Short note on Formosa Betrayed's post-publication fate

One story that is circulated about Formosa Betrayed is that the KMT (or Chiang Kai-shek himself) bought the copyright to the book and suppressed it (here for Chinese Wikipedia link). My problems with that story are (1) I've never seen anyone cite actual published evidence for it (although I realize I shouldn't expect that such an act would be widely publicized), and (2) it doesn't account for the fact that Da Capo Press published a reprint edition of Formosa Betrayed in 1976. On top of that, in a biographical article on Kerr published in The Ryukyuanist (pdf) in 2001, A. P. Jenkins wrote that Kerr himself at least partly blamed John King Fairbank for the Da Capo Press edition that was too expensive for most people to buy.

Kerr jokes with Linda Glick of Houghton Mifflin in late 1965, responding to word that the publication of the book would have to be delayed until early 1966:
I note the publication delay with regret, but by now rather never expect to see it published! Soon enough the KMT Chinese will be buying up the whole edition, as they did the Macmillan Co's China Lobby book some years ago! Put a big one and make them pay!
Despite that joke, an undated cover sheet for the folder containing some of Kerr's correspondence with Houghton Mifflin includes Kerr's comments that he strongly believed Fairbank was involved in the company's decision to sell the copyright to Da Capo.
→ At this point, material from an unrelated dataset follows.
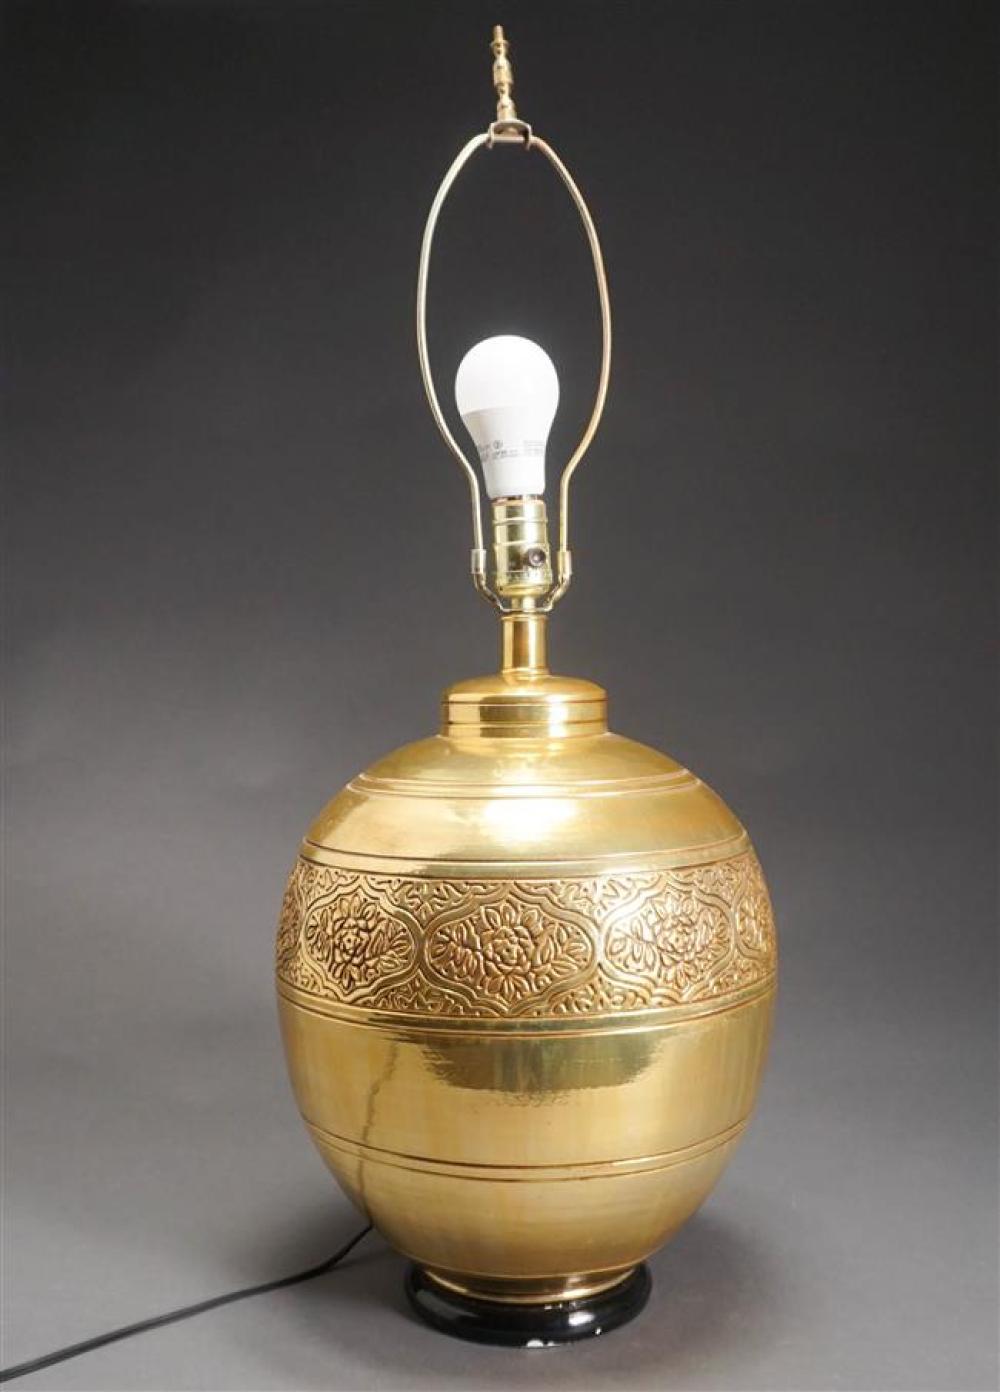 MIDDLE EASTERN STYLE GOLD CERAMIC

He writes, "I have no documentary proof that Fairbank had a hand in the HMCO decision, but friends close to the Boston-Harvard connection tend to agree with this interpretation. Hence I withdrew FORMOSA BETRAYED fro[m] HMCO and recovered the copyright."
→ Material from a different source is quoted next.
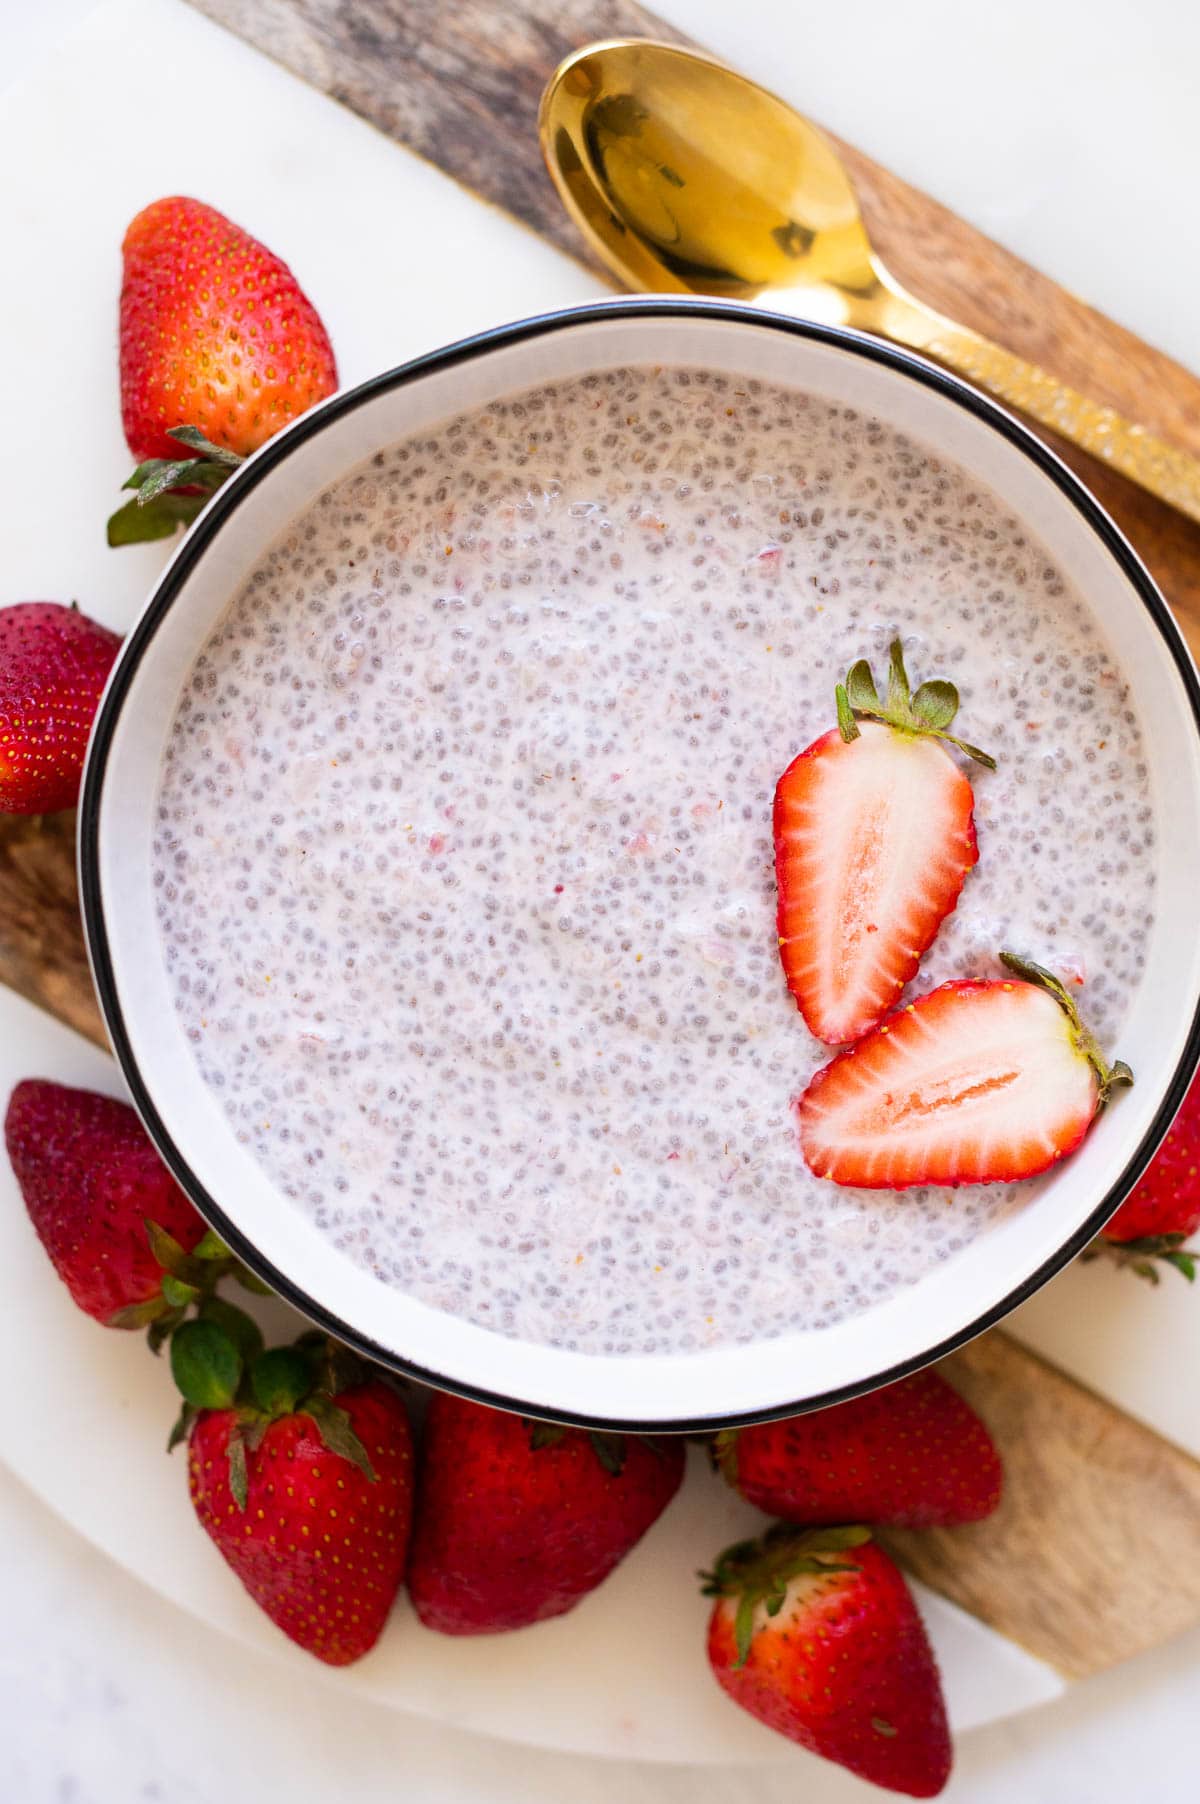 Strawberry chia seed pudding in a bowl garnished with fresh strawberries.

I did find one letter to Kerr from March 1970 that asked about Kerr's opinion regarding a rumor that the copyright to Formosa Betrayed had been bought by "Madwoman Chiang" (in the letter-writer's words), but I couldn't find Kerr's response to this letter. (Because of Japanese copyright law, some of the Kerr collection at the archives, including quite a bit of correspondence, is closed to researchers until fifty years after Kerr's death. Guess I'd better keep taking my vitamins...) But judging from Kerr's comments on the cover sheet (quoted above) and from his comments in a draft of a 1987(?) letter to Seng-bi Shaw (which Jenkins cites), Kerr was convinced that Fairbank had a hand in HM's deal with Da Capo Press because the pro-PRC Fairbank, according to Kerr, wanted Americans to view Taiwan as "merely another province of China, though by chance surrounded by water."